Then last Thursday, I spoke with Blake Mycoskie.
The Entrepreneur Behind Toms, and the global one-for-one movement about the hidden emotional cost of achievement, burnout, mental health, and why external success can never fully heal the feeling of never being enough.
And in many ways, those conversations lead directly into today's episode, because once we begin rebuilding our lives, another question naturally emerges.
How do we actually sustain change once life moves forward again?
Because most people don't struggle with insight, they struggle with consistency.
They know what matters.
They know what needs to change.
They know the habits, relationships, thought patterns, or behaviors that are quietly holding them back.

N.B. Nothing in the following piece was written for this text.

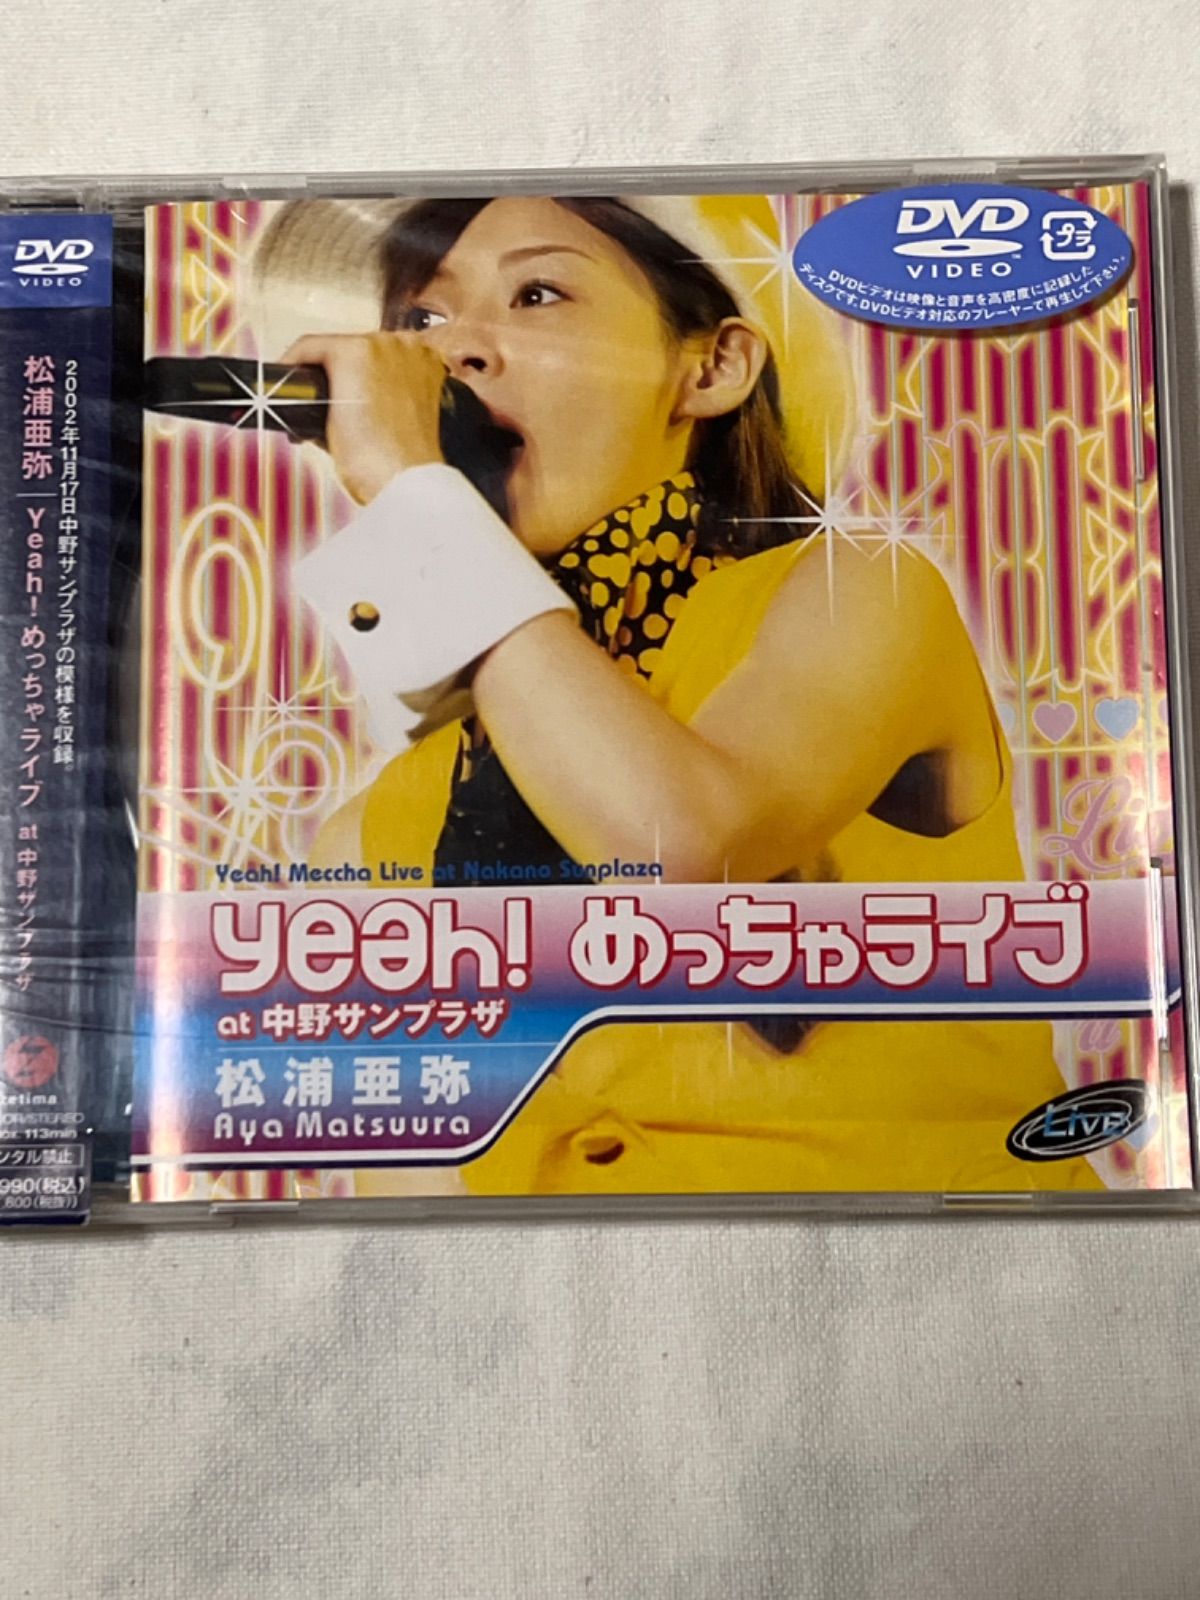 松浦亜弥 マニアックライブvol.4 ハロプロ DVDトレカ - ミュージック

The real challenge is learning how to create meaningful transformations in a way that lasts.
And honestly, that's why I wanted to bring back my friend Eric Zimmer onto the show.
Eric is the host of the acclaimed podcast, The One You Feed, someone I deeply respect and one of the most thoughtful voices I know when it comes to behavioral change, self-awareness, and personal growth.
In today's conversation, we discuss his powerful new book, How a Little Becomes a Lot.
which explores why lasting transformation rarely happens through dramatic reinvention and almost always happens through small repeated choices over time.
What I appreciated most about our conversation is that Eric doesn't approach change from the perspective of optimization culture or self-improvement performance.
He approaches it from the perspective of being human.
We talk about why so many people abandon change in the long middle after the initial excitement fades.
We explore self-compassion, rebuilding trust with yourself after setbacks, learning how to stay present in uncertainty, and why tiny daily behaviors quietly shape the trajectory of our lives far more than dramatic moments ever do.